Les hurlements de loup que l’on entend dans la chanson devaient être assurés par le Dogue Allemand de l’ingénieur son Bruce Swedien, mais après une nuit passée a chercher cet effet, en vain, c’est finalement Michael himself qui s’y colle. Il s’agit d’un enregistrement de sa voix “hurlant à la lune”, prise à différentes distances du micro puis qui sont superposées.

Et enfin, la mention : “En raison de mes fortes convictions personnelles, je tiens à souligner que ce film n’approuve en aucun cas une croyance en l’occultisme” qui apparaît au début du clip, est due au fait que Michael Jackson était alors Témoin de Jéhovah. Et qu’il prenait le risque d’être excommunié car son église condamne fermement la démonologie. Bien que ce ne fut pas le cas, il quittera quand même la religion en 1987.

Ah et comment ne pas citer, encore et encore, le grand, l’ inénarrable Vincent Price ?! Qui prête ici sa voix au texte parlé que l’on entend à la fin de la chanson et qui la clôture du plus célèbre des rires démoniaques.

 

thriller ciné

 

King of Pop

 

C’est le 14 Novembre 1983 que Thriller passe au crash test lors d’une projection privée au Crest Theatre de Los Angeles. Ce soir là, se réunissait, entre autres célébrités : Diana Ross, Warren Betty, Eddie Murphy et même le “rival” alors de Michael Jackson : Prince.

Pour, vous vous en doutez, une standing ovation de plusieurs minutes et le film joué une deuxième fois sous l’insistance du public.

Puis le 02 Décembre, vient le temps de le faire découvrir au monde entier via MTV et Showtime qui ont battu des records d’audience ce soir là, et tout au long du mois, à chaque diffusion du clip.

S’en suivra une pluie de récompenses pour le clip, pour l’album, pour l’artiste.

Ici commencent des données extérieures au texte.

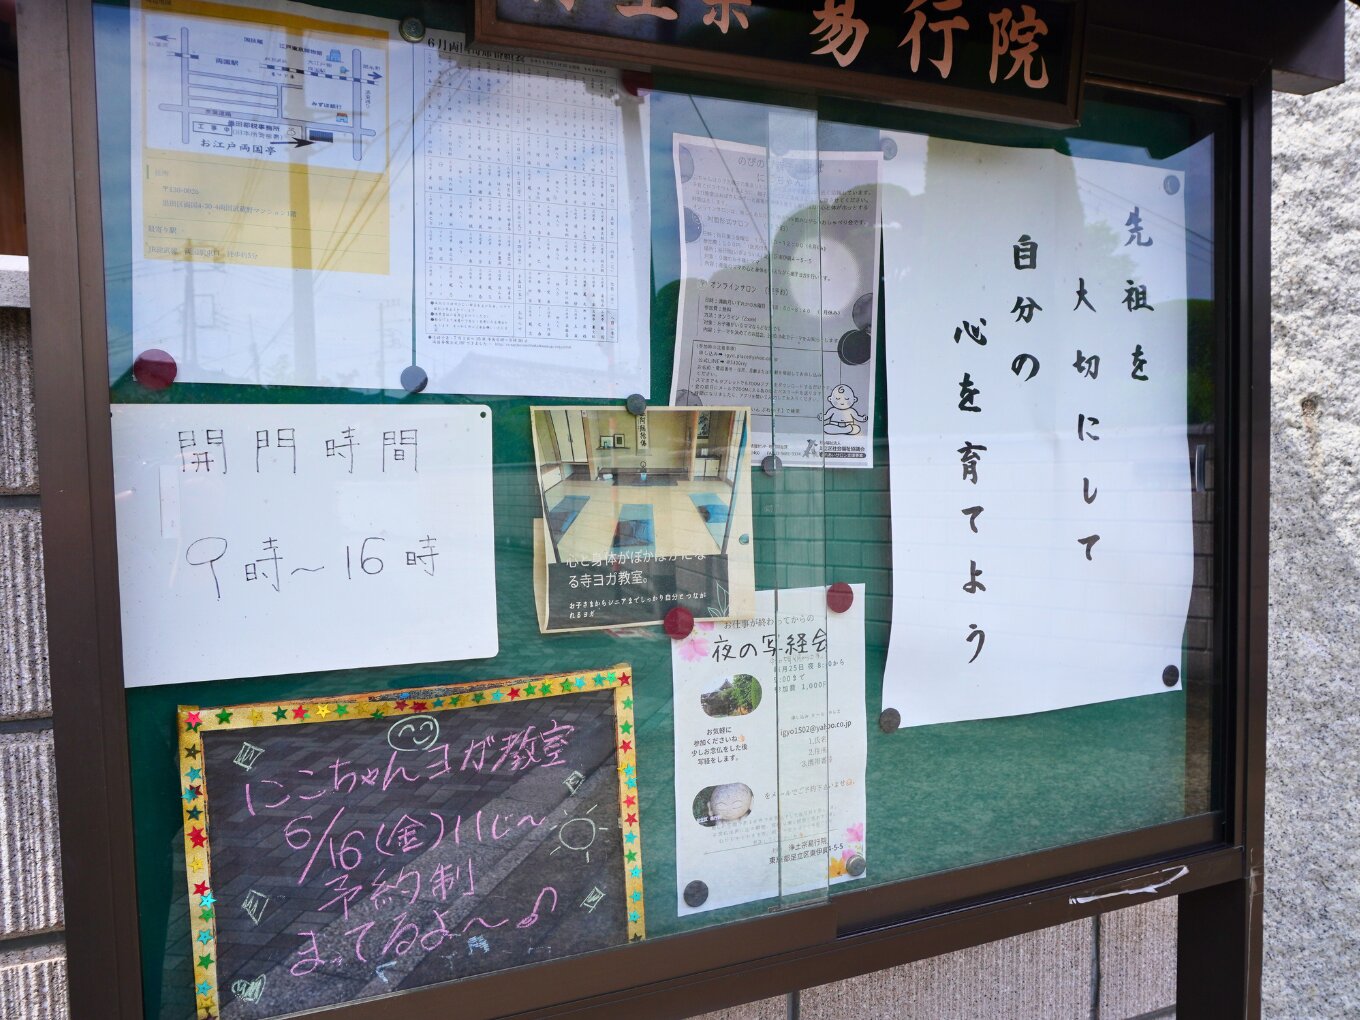 「にこちゃん」ヨガ教室のスケジュールが掲示されている、易行院入口の掲示板
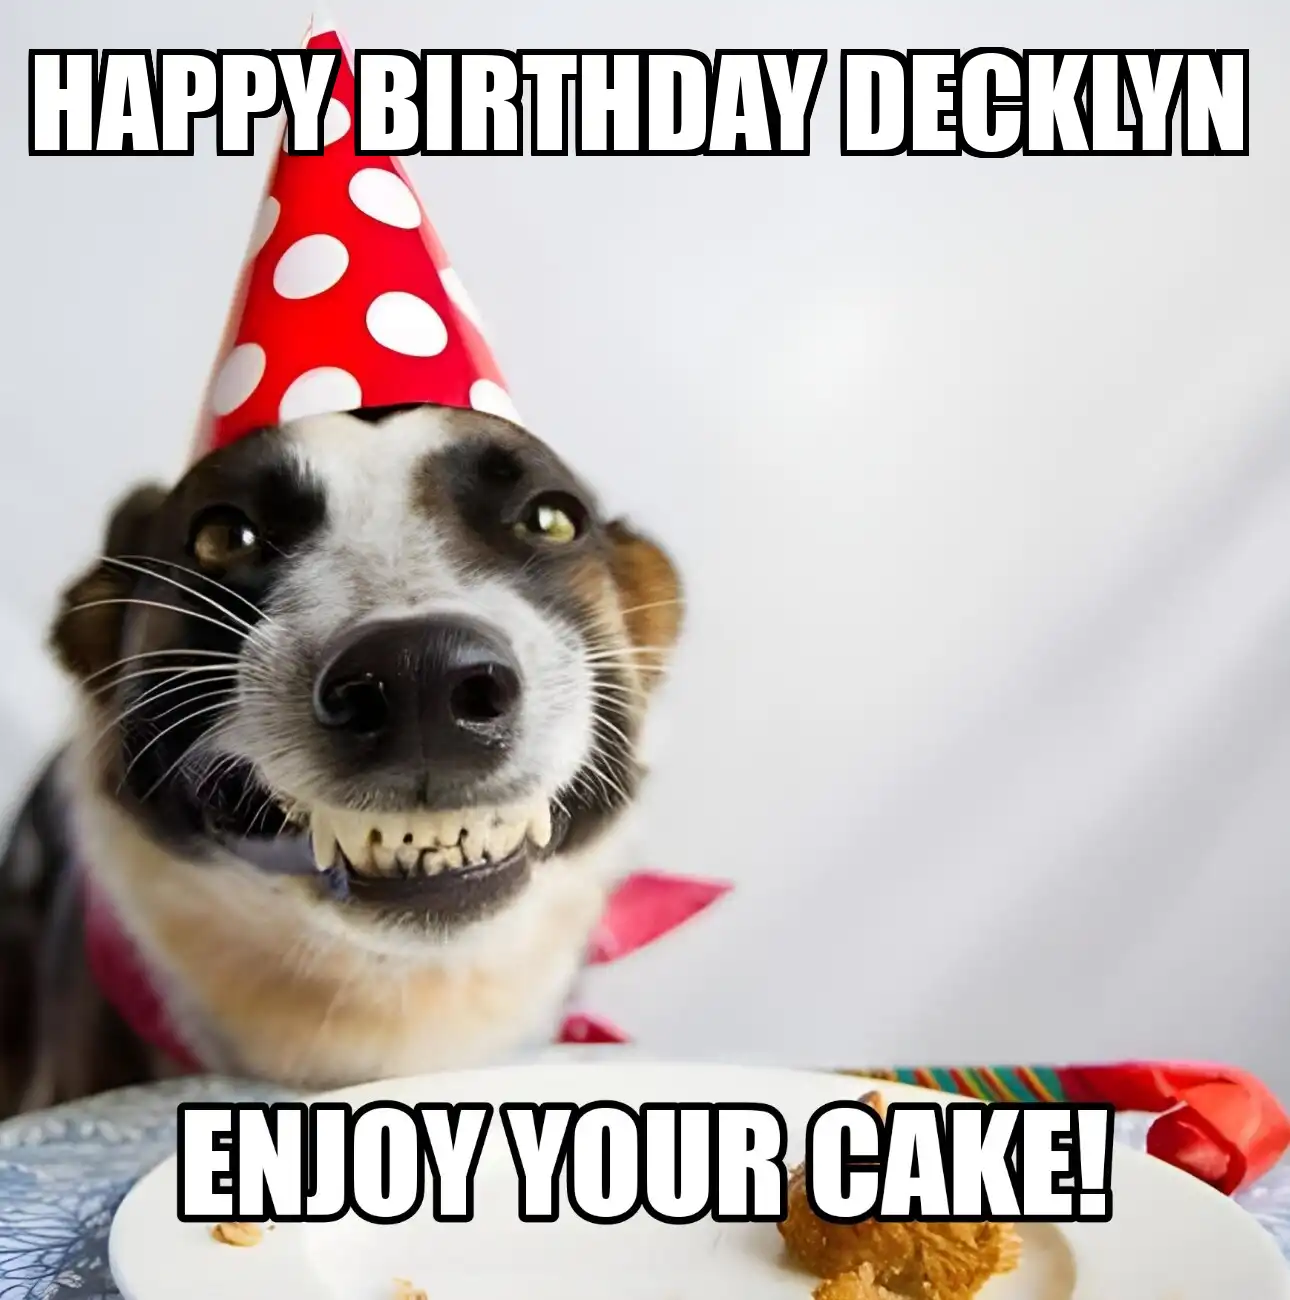 Happy Birthday Decklyn Enjoy Your Cake Dog Meme

Succès sans précédent. Ce n’est même jamais plus arrivé par la suite, que sept titres sur neuf d’un album soient extraits en single. Et que ce même album, plus d’un an après sa sortie, grâce à son titre éponyme et une véritable performance cinématographique, double, même triple, ses ventes.

Personne n’y croyait, personne sauf Michael lui même qui ne volait pas son titre nouvellement acquis de “King of Pop”.

Et ce n’était qu’un début…

Mais pour l’heure, on se plonge dans le noir avec du pop-corn et on savoure, une nouvelle fois, ce qui est probablement le plus grand vidéoclip de tous les temps : Thriller.